- Supplied material
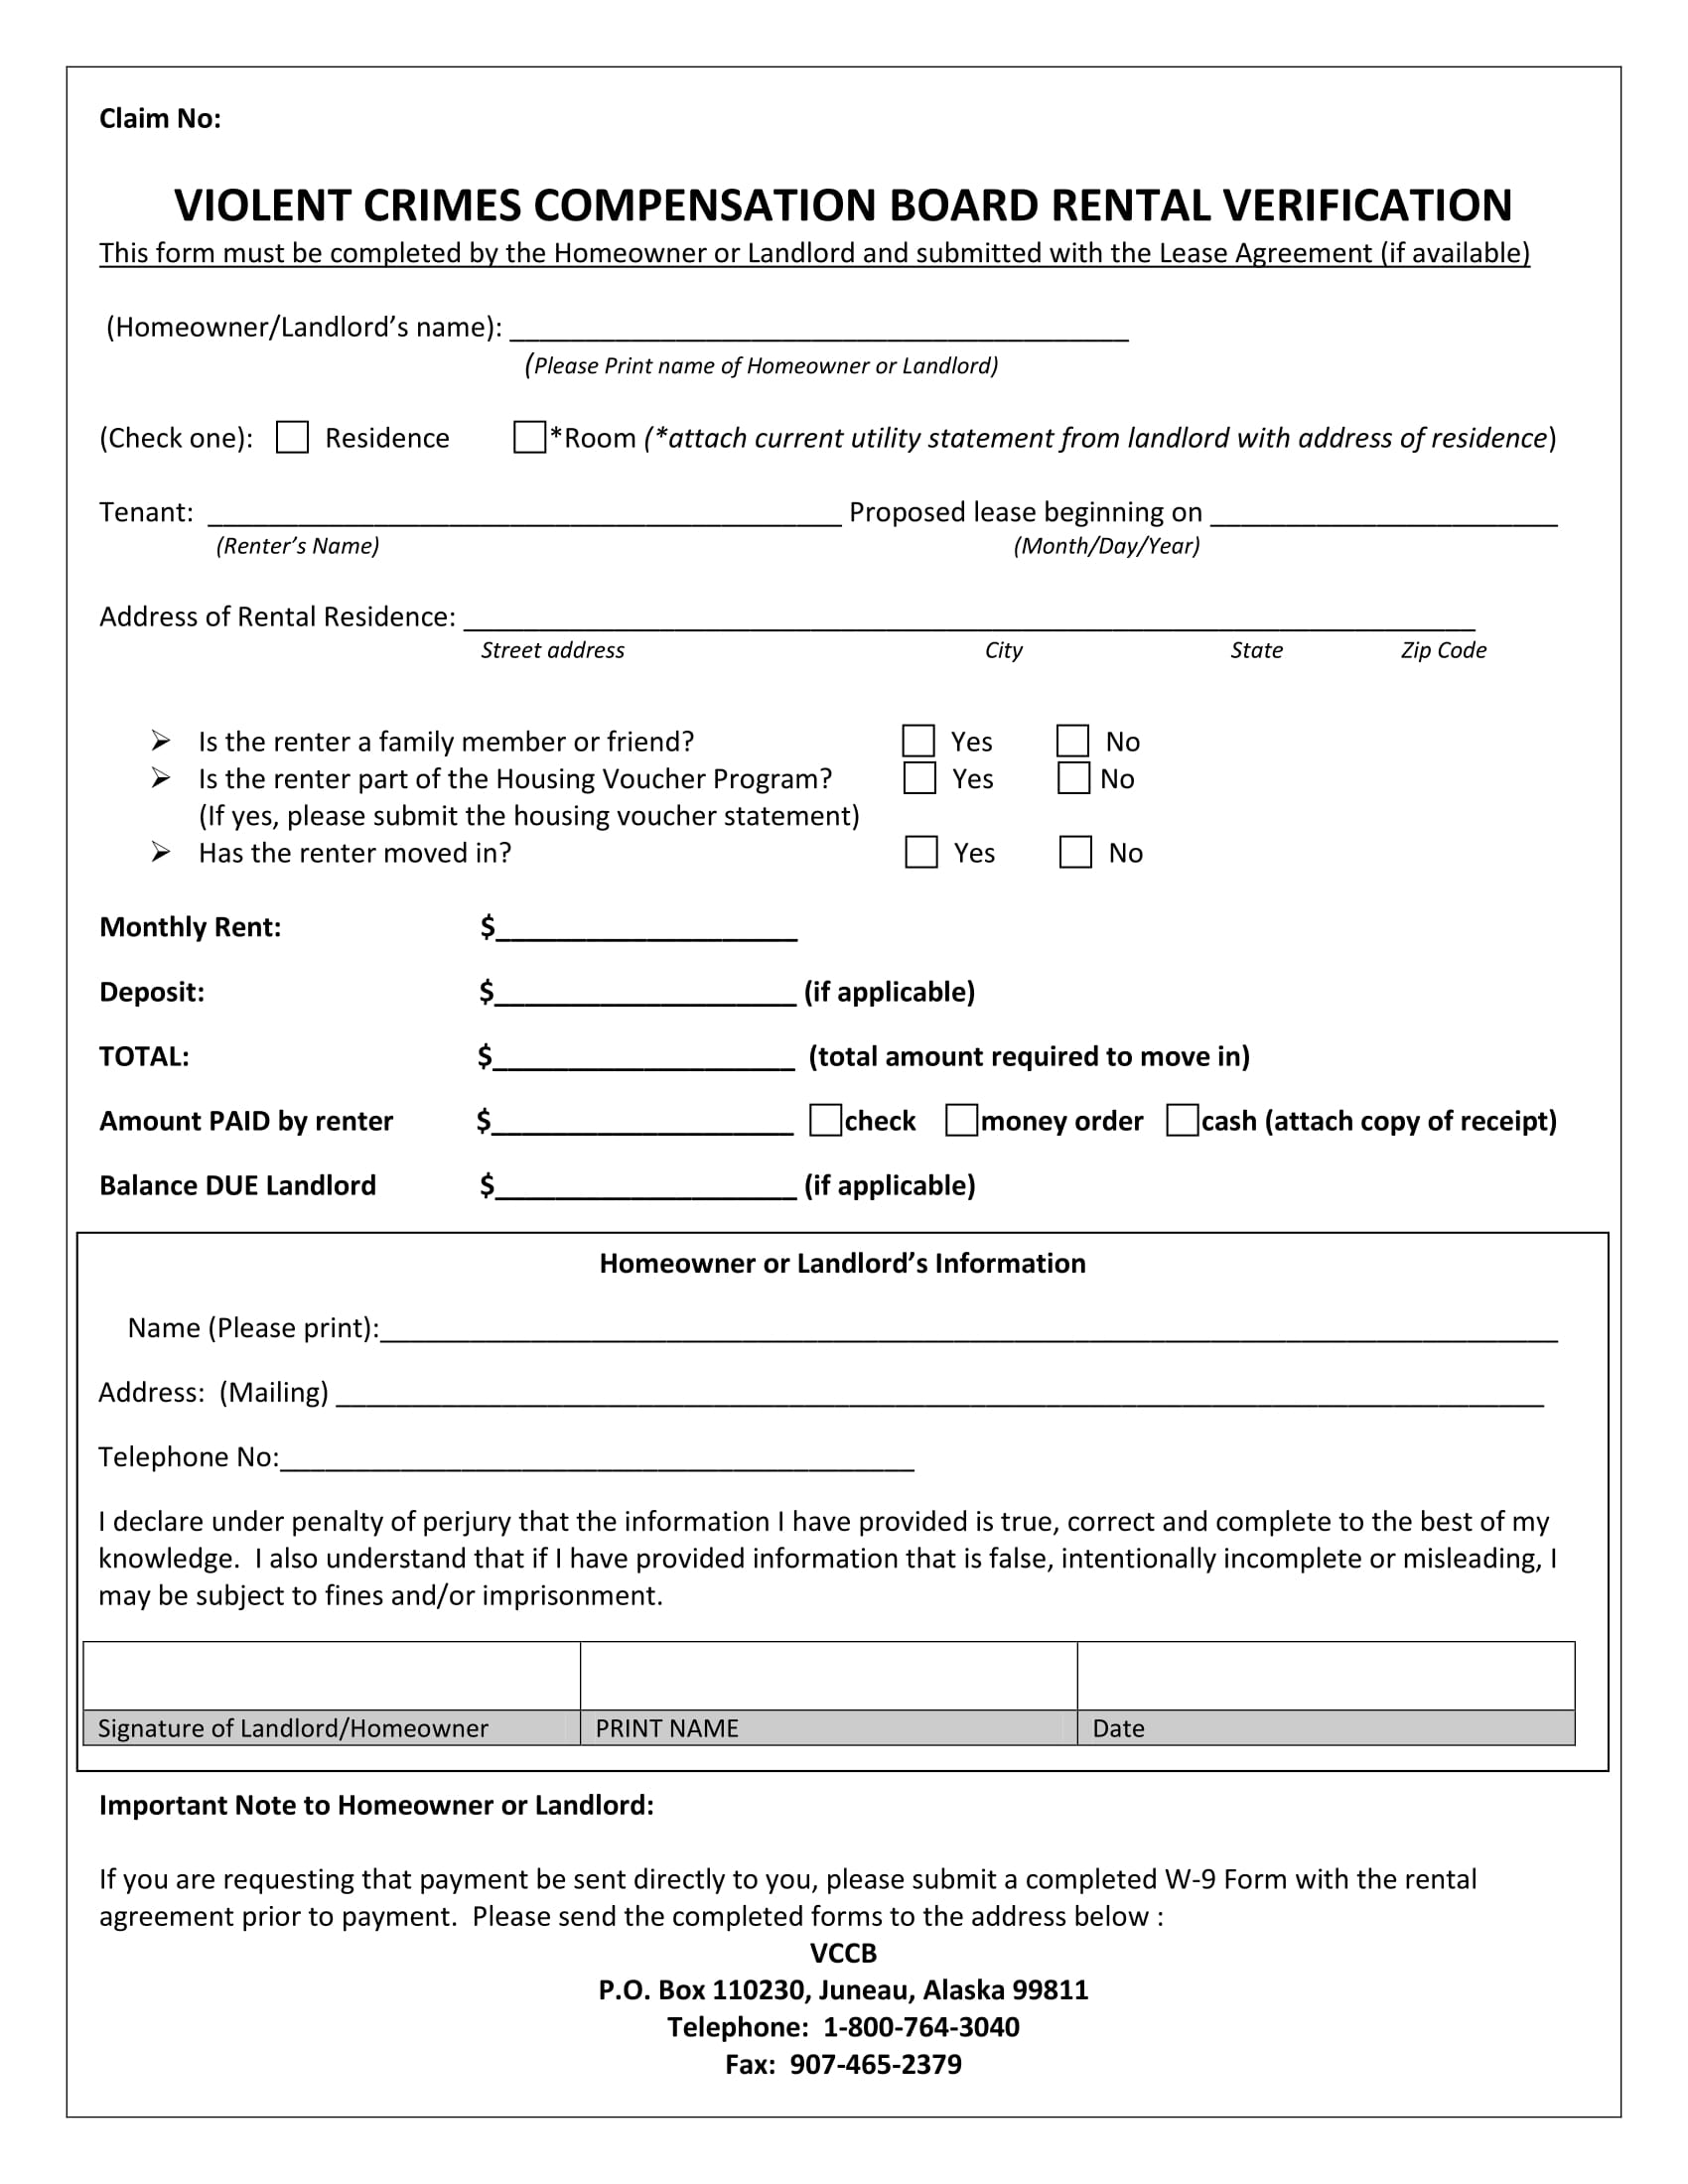 crimes board rental verification form 1
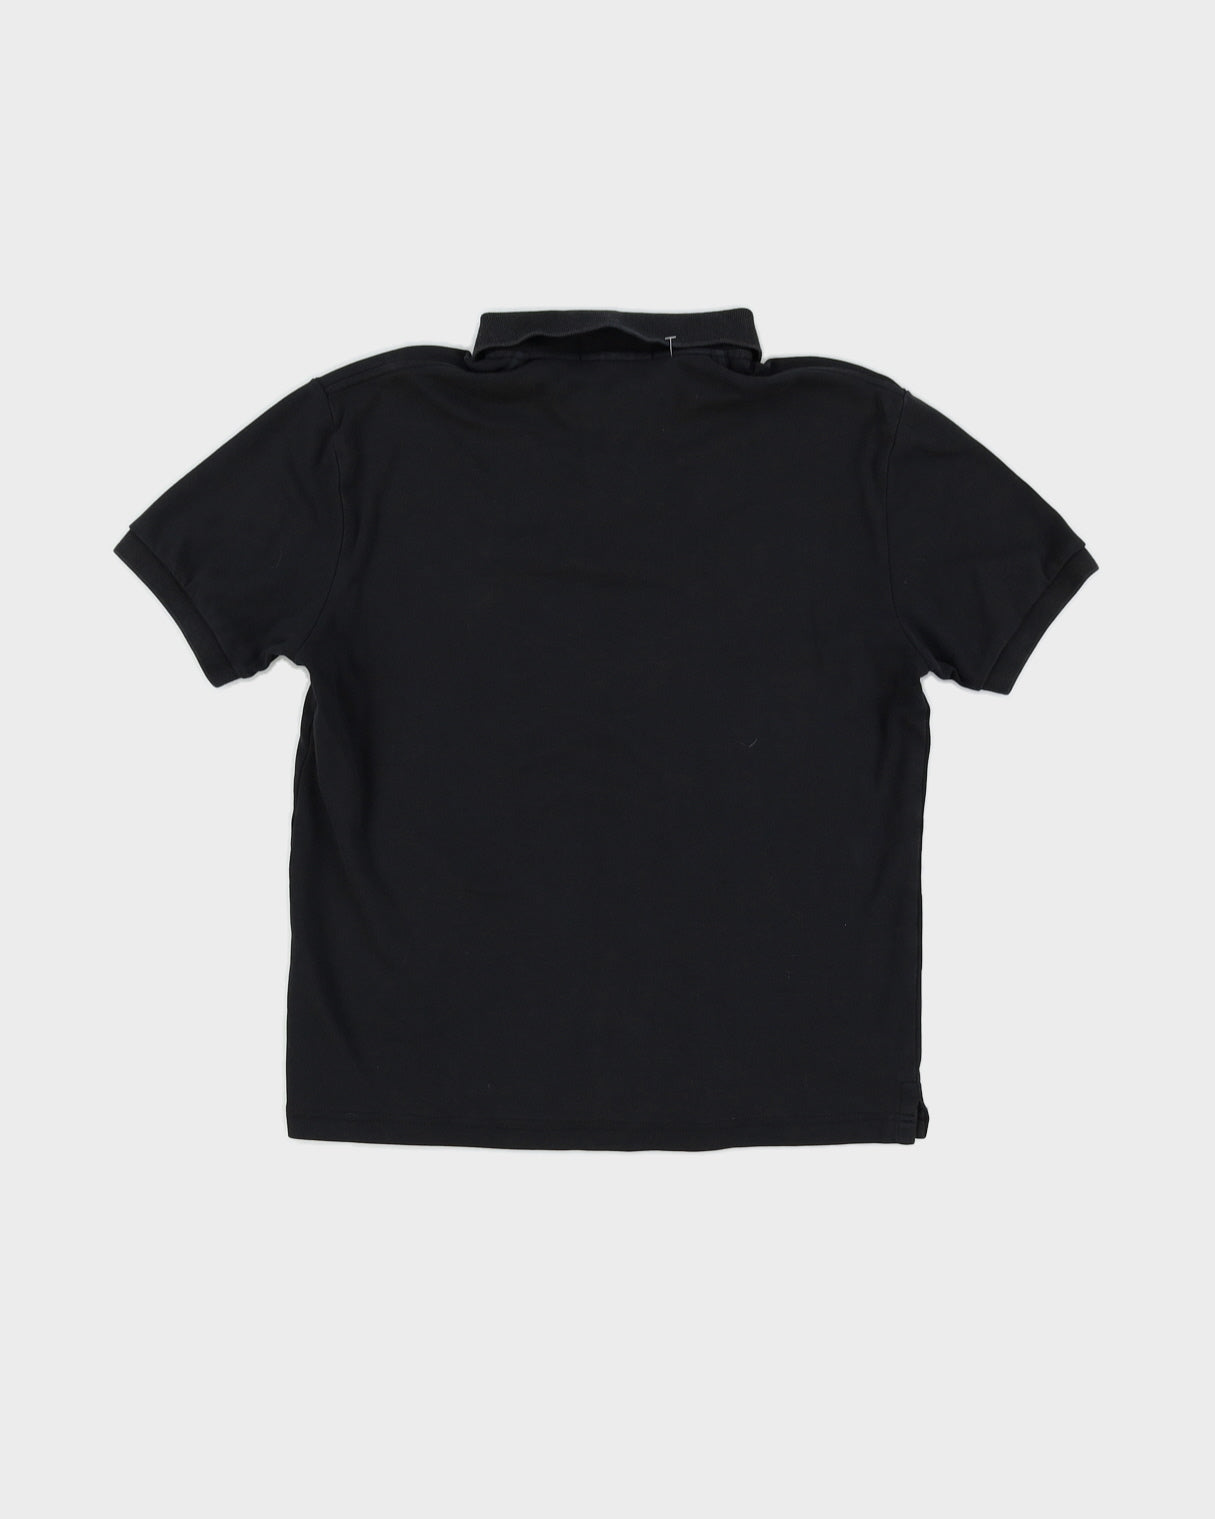 00s Polo Ralph Lauren Black Polo Shirt - S
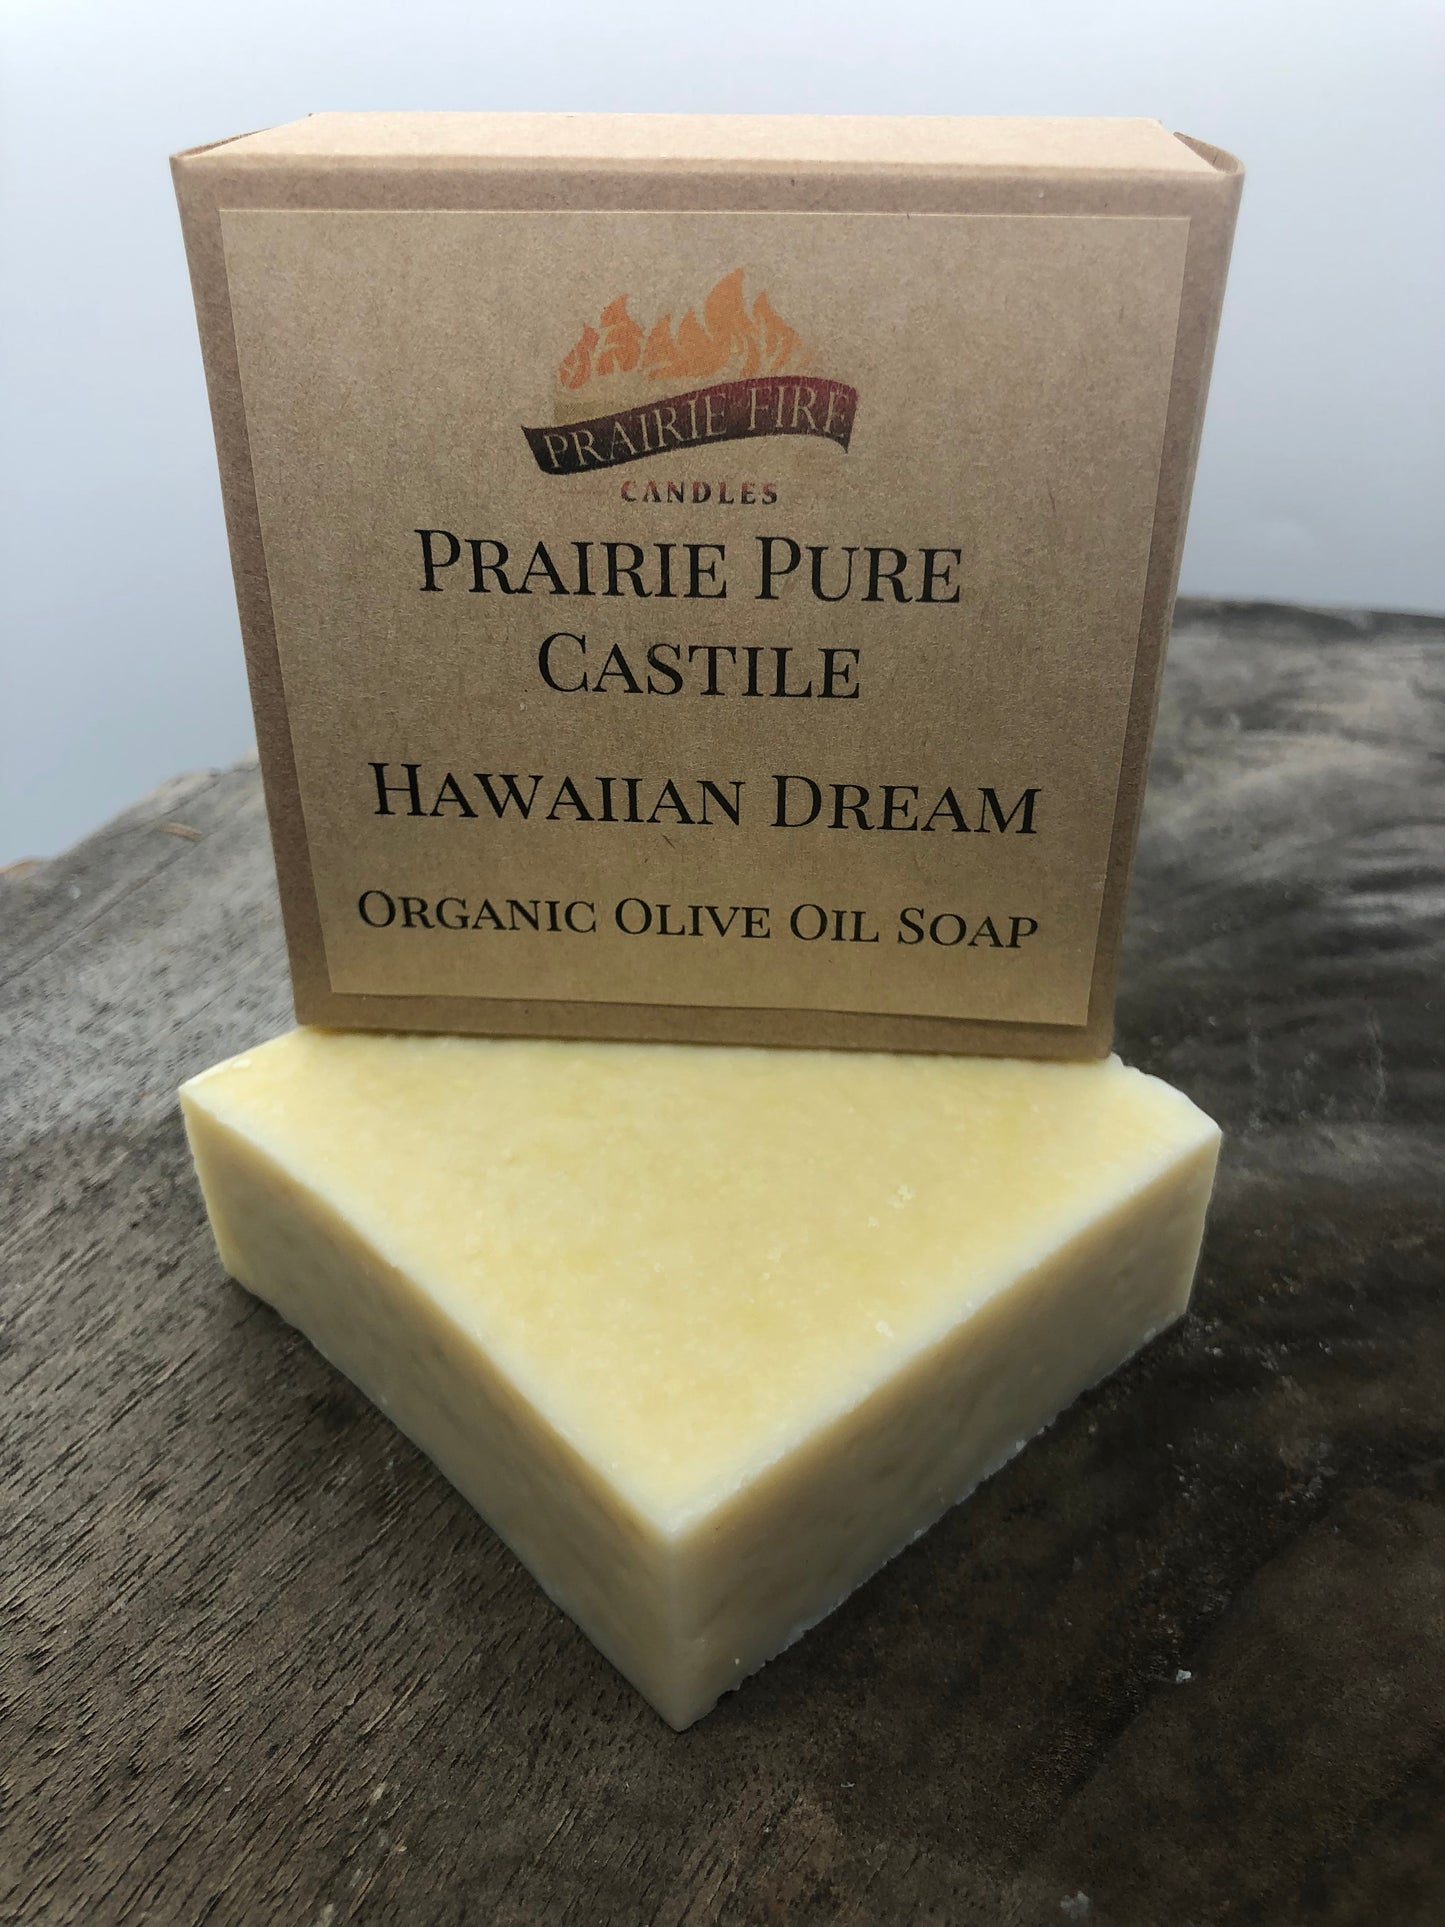 Hawaiian Dream Real Castile Organic Olive Oil Soap for Sensitive Skin - Dye Free - 100% Certified Organic Extra Virgin Olive Oil

- Work order
Return the listing above in full and exactly, omitting all pictures.

- Result of the task
 crimes board rental verification form 1
 00s Polo Ralph Lauren Black Polo Shirt - S
 Hawaiian Dream Real Castile Organic Olive Oil Soap for Sensitive Skin - Dye Free - 100% Certified Organic Extra Virgin Olive Oil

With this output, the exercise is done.